Bukankah indra a5’ hanyalah kemampuan menginderai, dimana outputnya hanyalah berupa sebutan ini atau itu?

Bukankah output dari indra a5’ dinilai oleh penilaian hati a5’’ dengan baik atau buruk, lalu bisa menimbulkan keinginan hati a6’’?

Kalau begitu, bukankah eksistensi atau keberadaan akan sesuatu adalah ada, bilamana dinyatakan oleh pikiran a7, yaitu ada dalam memori a5’’’ yang disebut dengan pengetahuan dalam wujud kesan / gambaran atau sebutan atau simbol?

Bukankah itu adalah kegiatan dari diri yang menyaksikan? Yang menyaksikan bagaimana indra a5’ menyampaikan ini atau itu, menyaksikan bagaimana penilaian hati a5’’ menilai baik atau buruk, menyaksikan bagaimana keinginan a6’’ muncul dan menyaksikan bagaimana memori a5’’’ menyampaikan pengetahuan yang diterimanya. Bukankah kemudian diri yang menyaksikan menyatakan kesaksiannya?

Bagaimanakah menyatakan keberadaan Rabbul ‘alamin?

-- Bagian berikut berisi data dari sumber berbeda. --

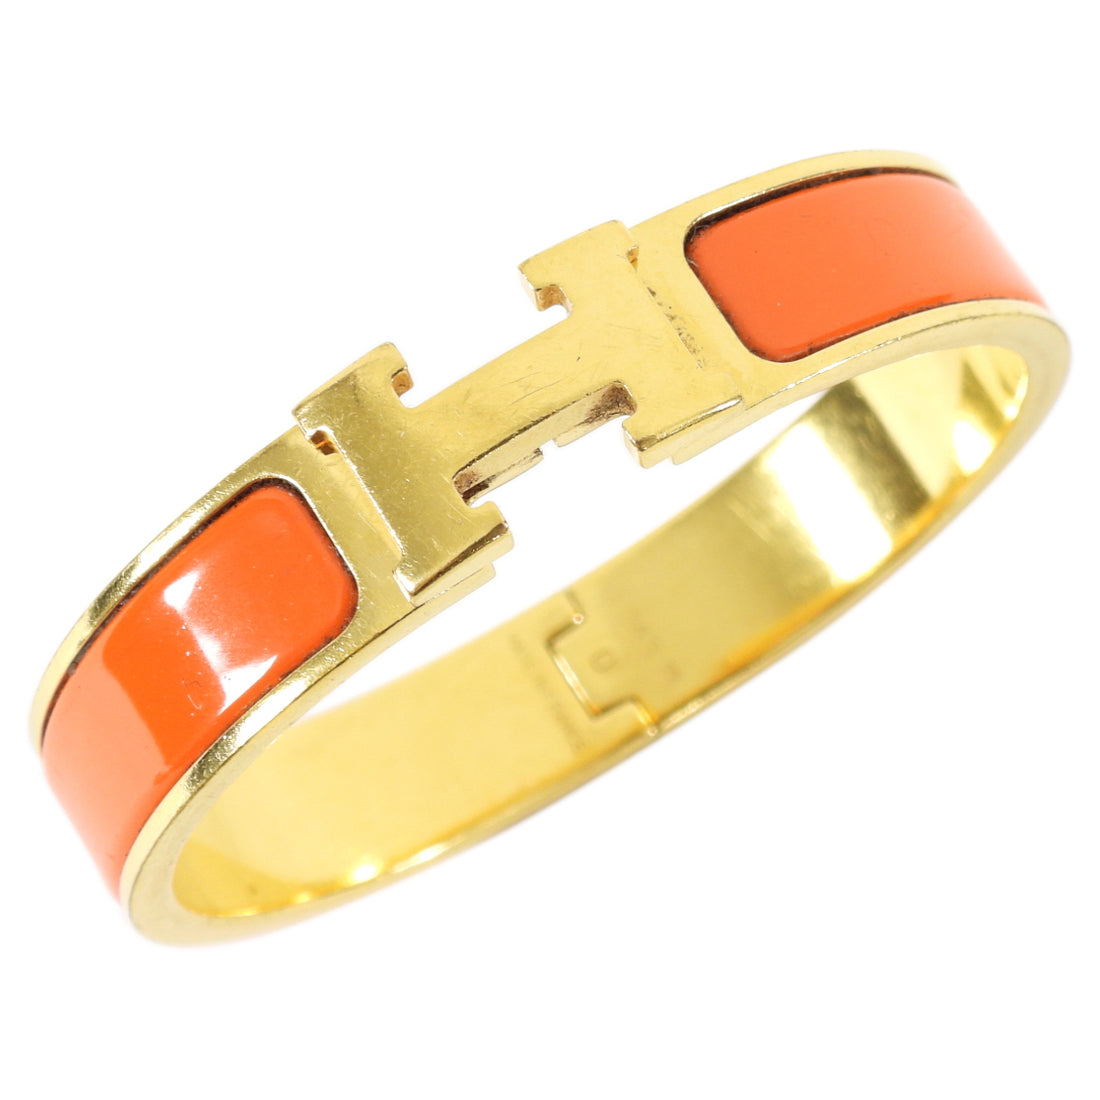 Hermes Clic H Narrow Gold and Orange Bangle Bracelet - PM

Bukankah sang diri sudah bersaksi atau bersyahadat bahwa Dia adalah Rabb-nya? QS A’raaf 7 ayat 172: Dan (ingatlah), ketika Rabb-mu mengeluarkan keturunan anak-anak Adam dari sulbi mereka dan Allah mengambil kesaksian terhadap jiwa mereka (anfusihim): "Bukankah Aku ini Rabb-mu?" Mereka menjawab: "Betul, kami menjadi saksi". (Kami lakukan yang demikian itu) agar di hari kiamat kamu tidak mengatakan: "Sesungguhnya kami (bani Adam) adalah orang-orang yang lengah terhadap ini. Padahal dia masih berupa sperma (yang ditempatkan pada sulbi bapaknya) dan belum dihembuskan Ruh-Nya serta belum memiliki otak [bukankah setiap wujud membawa memori dari asalnya? Bukankah memori ini sama dengan memori a5’’’ yang ada pada otak a7 manusia?].

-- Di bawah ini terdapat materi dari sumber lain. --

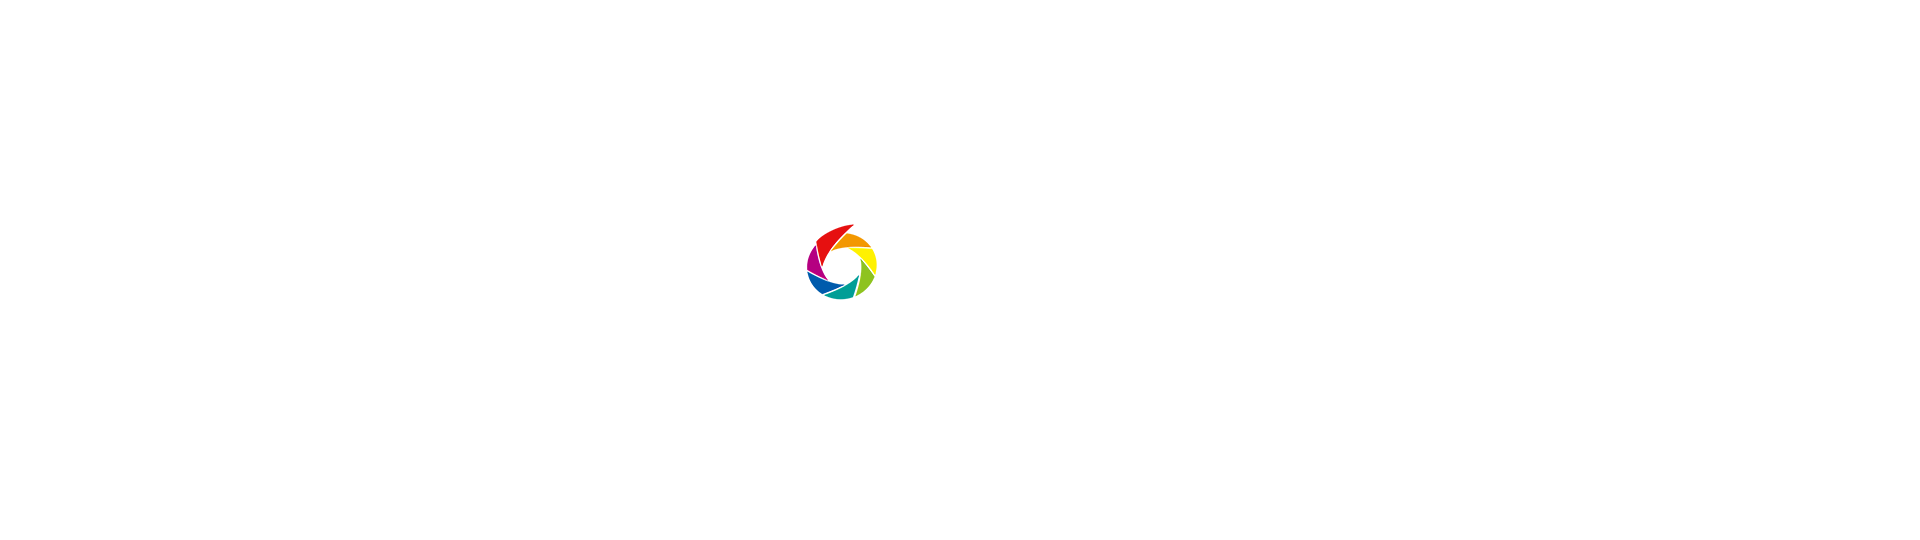 Emograph visual technologies

Bukankah kita semua pernah mengalami out of body experience? Misalnya saat kita tidur atau pingsan. Bukankah kita bisa menjawab pertanyaan orang-orang bahwa kita tidak tahu, tidak ingat dan lain-lain, namun raga kita masih bernafas atau ruhnya belum dicabut?

Kalau begitu, bukankah sang diri telah menyaksikan keberadaan Yang Menciptakan alam semesta?

Yang mana? Yang menciptakan dan menyempurnakan alam semesta. Yang mana sih? Yang ini, Yang itu.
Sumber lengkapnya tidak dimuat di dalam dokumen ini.